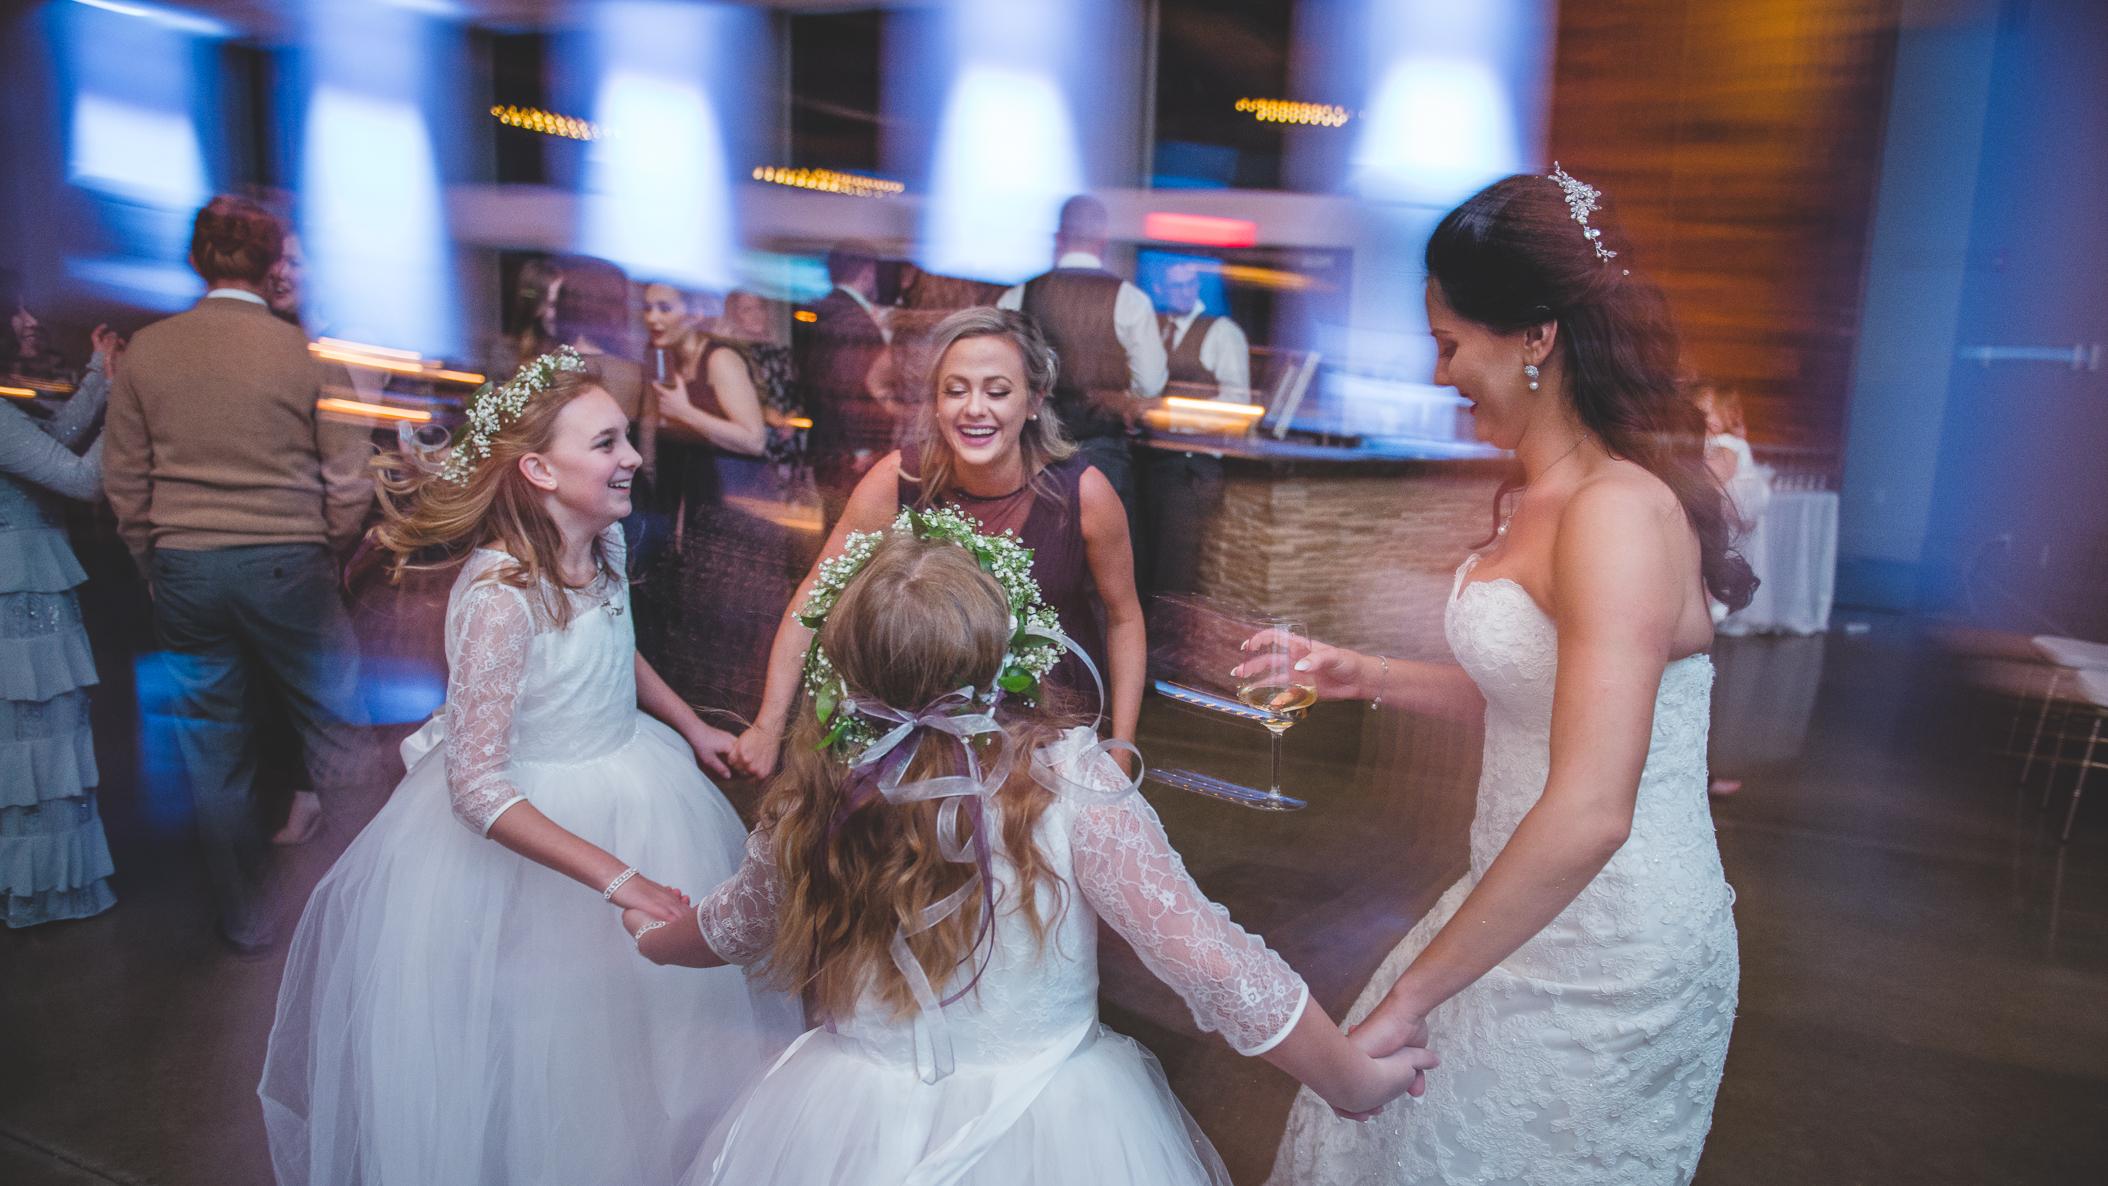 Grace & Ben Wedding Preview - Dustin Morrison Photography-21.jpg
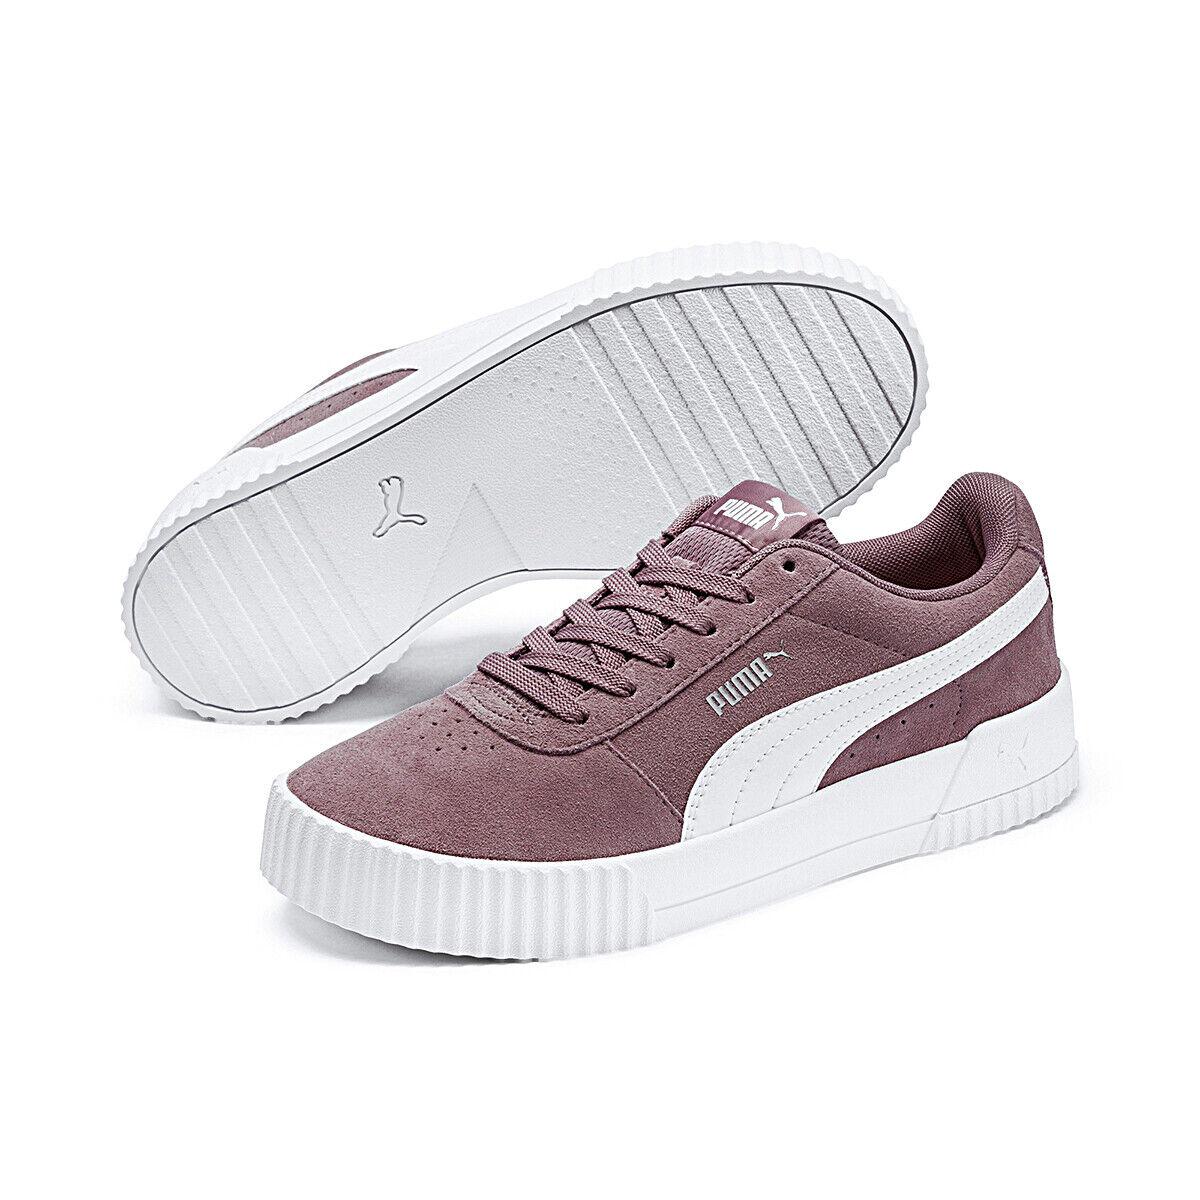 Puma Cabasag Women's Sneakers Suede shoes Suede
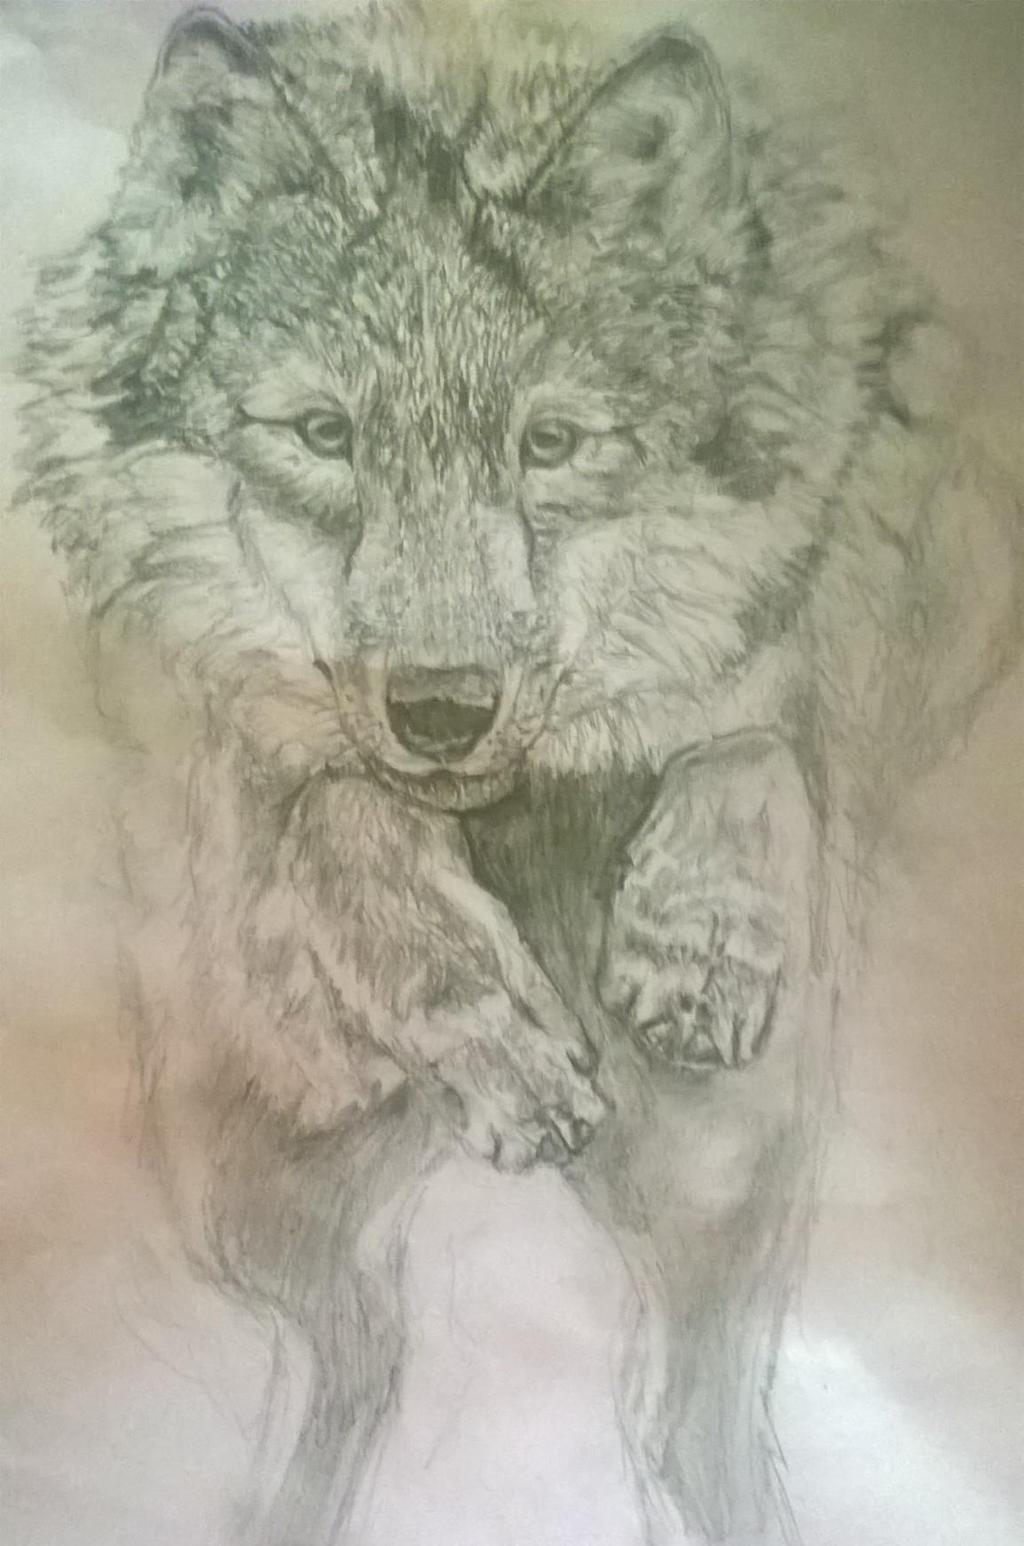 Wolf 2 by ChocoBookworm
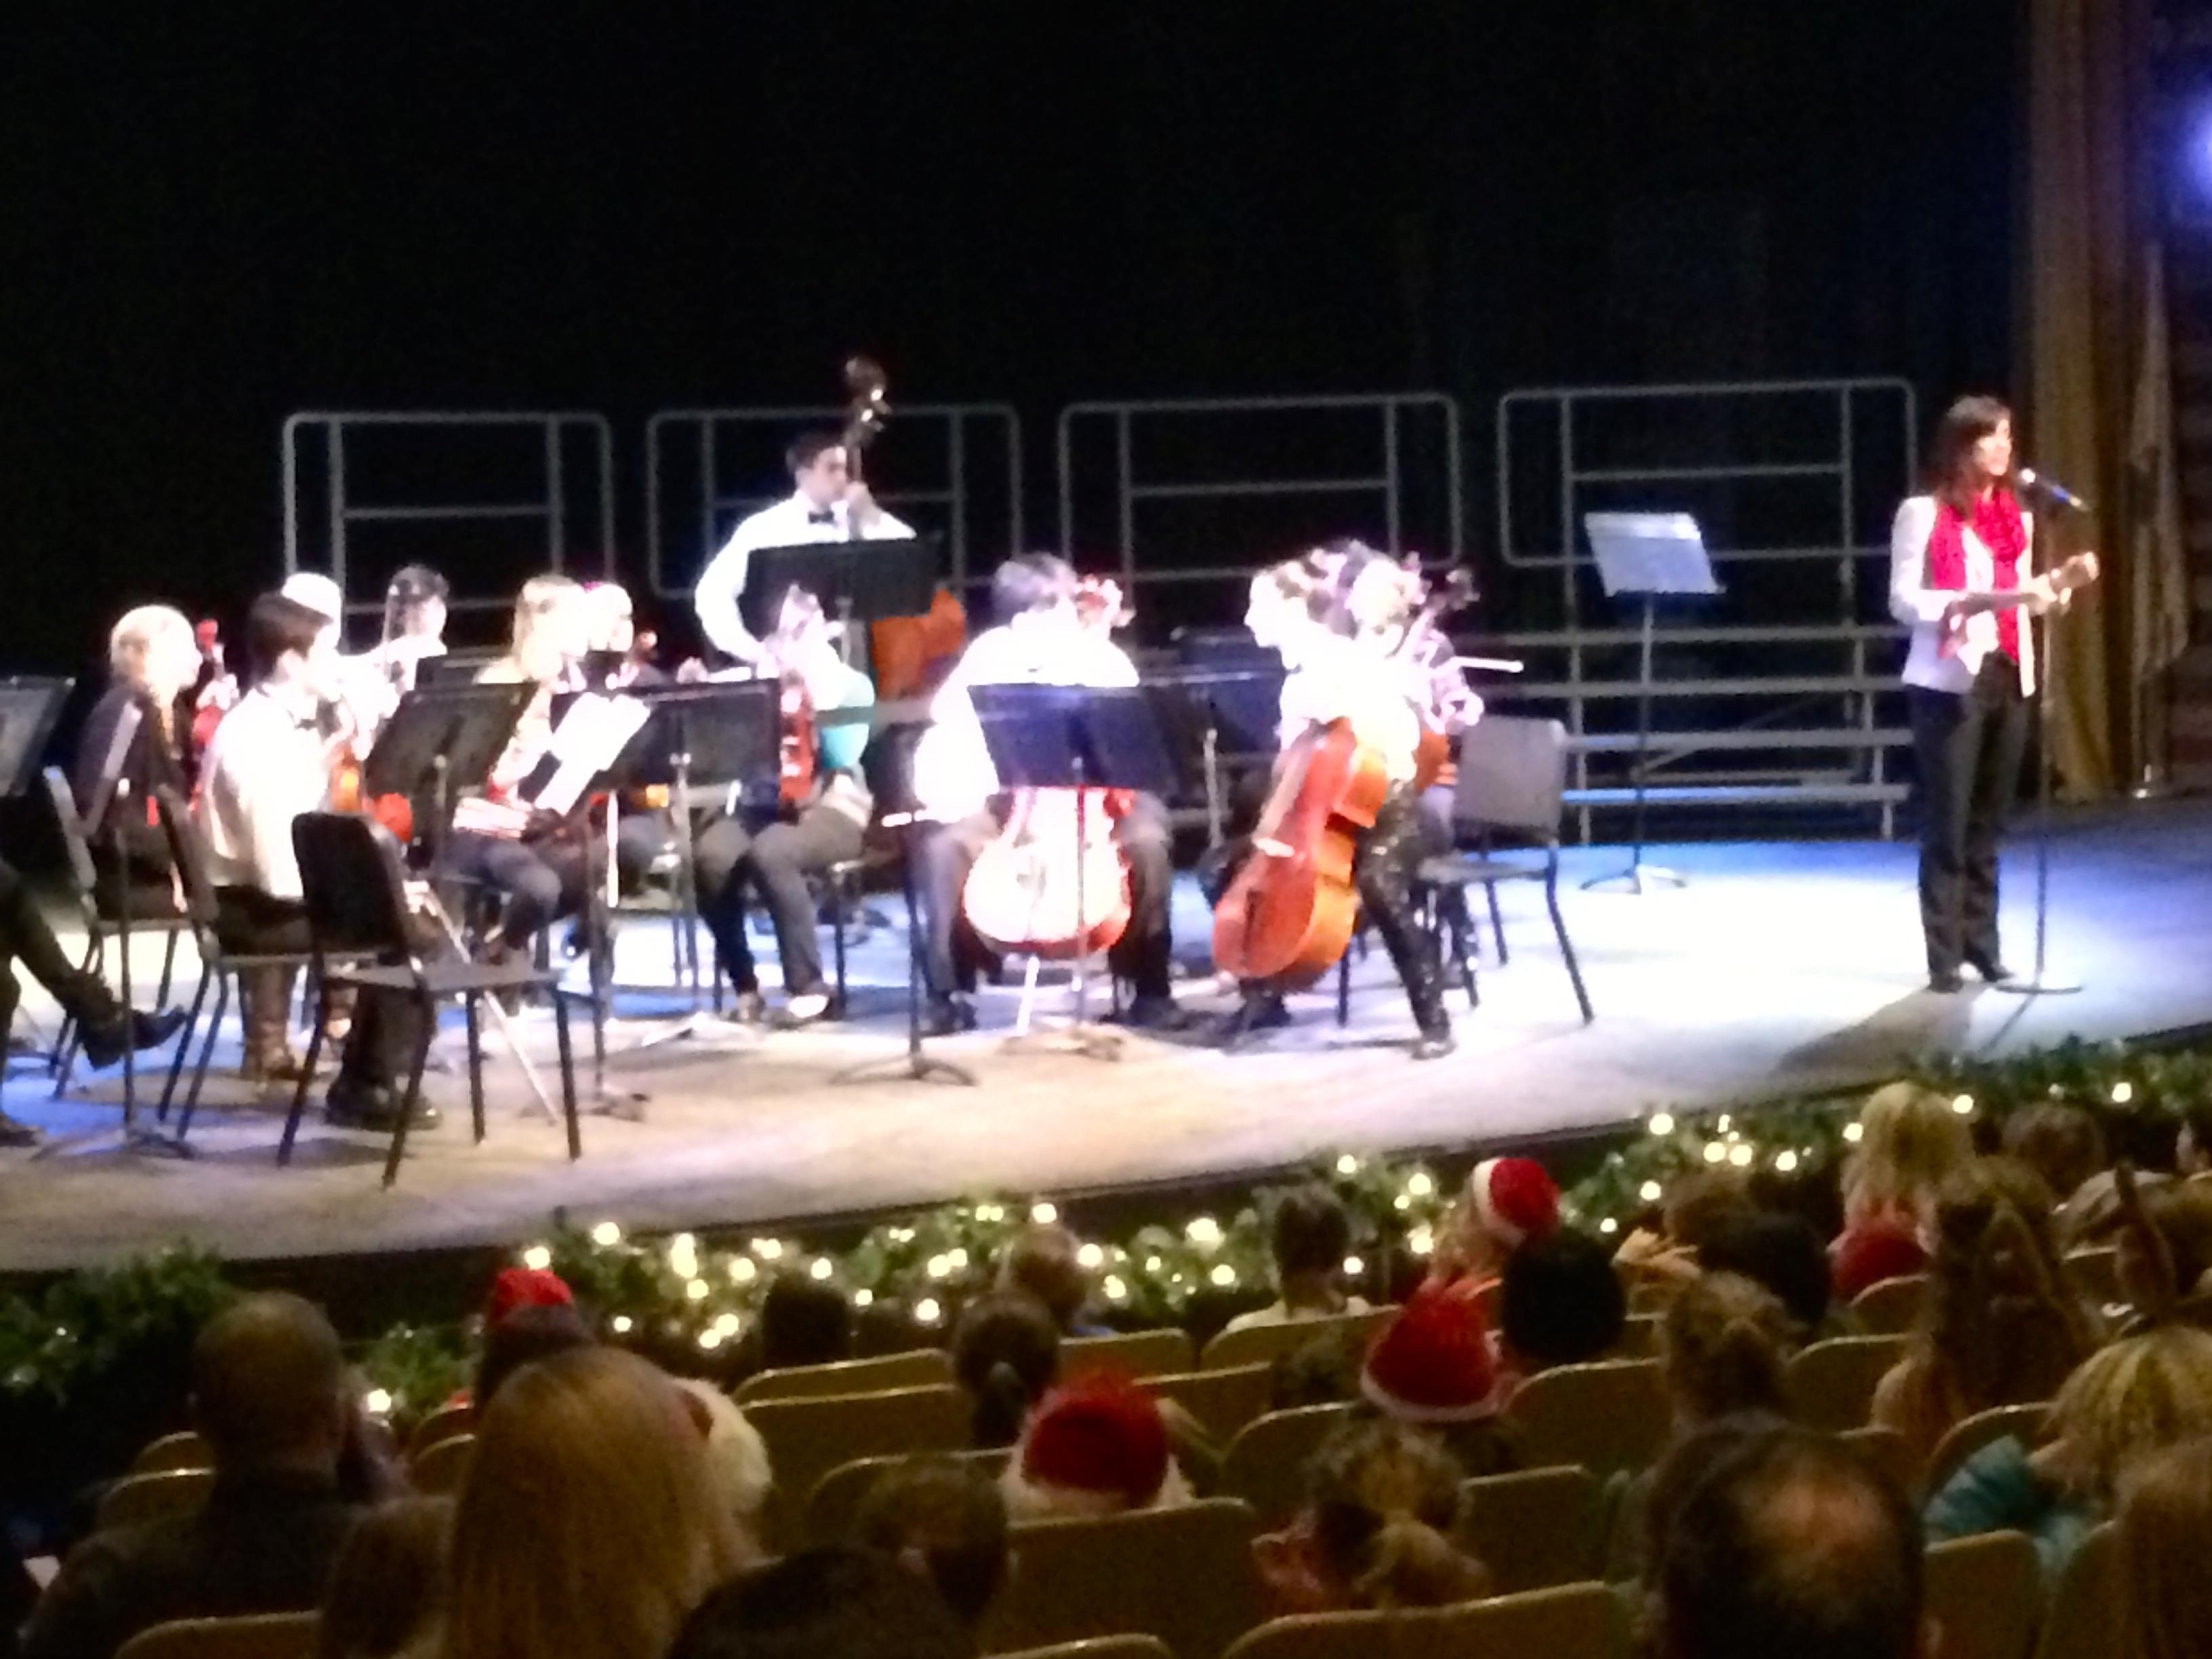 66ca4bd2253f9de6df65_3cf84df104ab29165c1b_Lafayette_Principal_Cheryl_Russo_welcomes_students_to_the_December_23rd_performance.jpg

What to work on:
Repeat the listing verbatim, pictures excluded.

Response area:
 Grace & Ben Wedding Preview - Dustin Morrison Photography-21.jpg
 Puma Cabasag Women's Sneakers Suede shoes Suede
 Wolf 2 by ChocoBookworm
 66ca4bd2253f9de6df65_3cf84df104ab29165c1b_Lafayette_Principal_Cheryl_Russo_welcomes_students_to_the_December_23rd_performance.jpg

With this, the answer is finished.